Consistent improvement from ComMCS: Effective under both Best-of-N and Beam Search strategies, across both DeepSeek and Qwen model families.
Equivalent to a 25% increase in sampling: The variance of 8 samples + ComMCS is approximately equal to that of 10 samples (Figure 1).
Classification-based modeling outperforms regression: Even without ComMCS, BCE (classification) outperforms MSE (regression), indicating that value distribution modeling itself is beneficial.
Variance reduction is most effective in the medium difficulty range: MC variance is largest when the true value is near 0.5, where ComMCS also yields the greatest benefit.

Highlights & Insights¶

Theory-driven practical method: ComMCS is derived from the MVUE property, providing a rigorous theoretical foundation.
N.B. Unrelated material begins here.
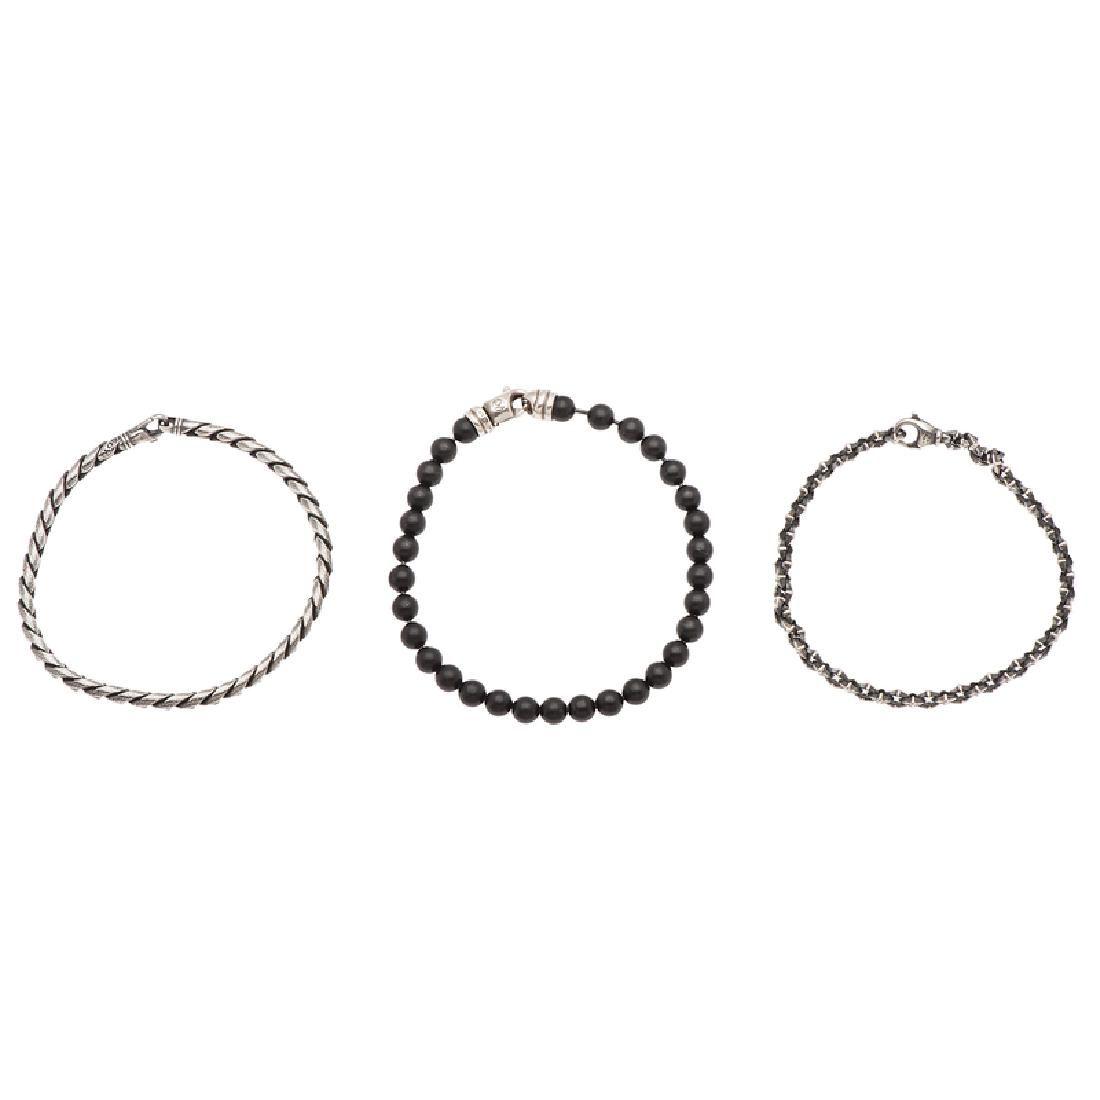 David Yurman Bracelets in Sterling Silver

The key insight is that the temporal structure of MC estimates contains freely available information.
Zero additional inference cost: Unlike brute-force approaches that increase the number of samples, ComMCS exploits already-collected MC results from subsequent steps without any additional LLM calls.
Analogy to TD learning: The idea of TD methods from RL is elegantly transferred to the PRM training setting, while maintaining unbiasedness — a property that TD methods do not possess.

Limitations & Future Work¶

Gaussian distribution assumption may not hold: The value distribution may in practice be multimodal or skewed.
Restricted to binary reward MDPs: The theoretical derivation relies on the assumption that rewards \(\in \{0, 1\}\), and does not directly extend to partial or graded reward settings.
Iterative training increases engineering complexity: A base verifier must first be trained, followed by value distribution estimation and retraining.
Modest performance gains: Improvements of 2–3 points are relatively limited in the context of highly competitive mathematical reasoning benchmarks.

vs. ORM (Outcome RM): ORM evaluates only the final outcome, while PRM performs step-wise evaluation; ComMCS is an internal optimization for PRM training and does not affect the framework choice.
vs. Math-Shepherd and similar PRMs: These methods focus on better trajectory sampling, whereas ComMCS focuses on better utilization of existing samples — the two approaches are complementary.
vs. variance reduction in RL: TD is biased but low-variance; ComMCS is unbiased and low-variance, representing a superior trade-off.

Rating¶

Novelty: ⭐⭐⭐⭐ Analyzing the variance of PRM training annotations from the MVUE perspective is an original contribution; the theoretical basis of ComMCS is rigorous.
Experimental Thoroughness: ⭐⭐⭐⭐ Evaluated on two benchmarks, two search strategies, and two model families, though the dataset scale and model size are relatively modest.
Writing Quality: ⭐⭐⭐⭐ Theoretical derivations are rigorous and mathematical notation is clear, though the discussion of approximations in the practical implementation section lacks sufficient detail.
Value: ⭐⭐⭐⭐ Offers a practical improvement to PRM training; the zero-additional-cost characteristic is particularly valuable from an engineering perspective.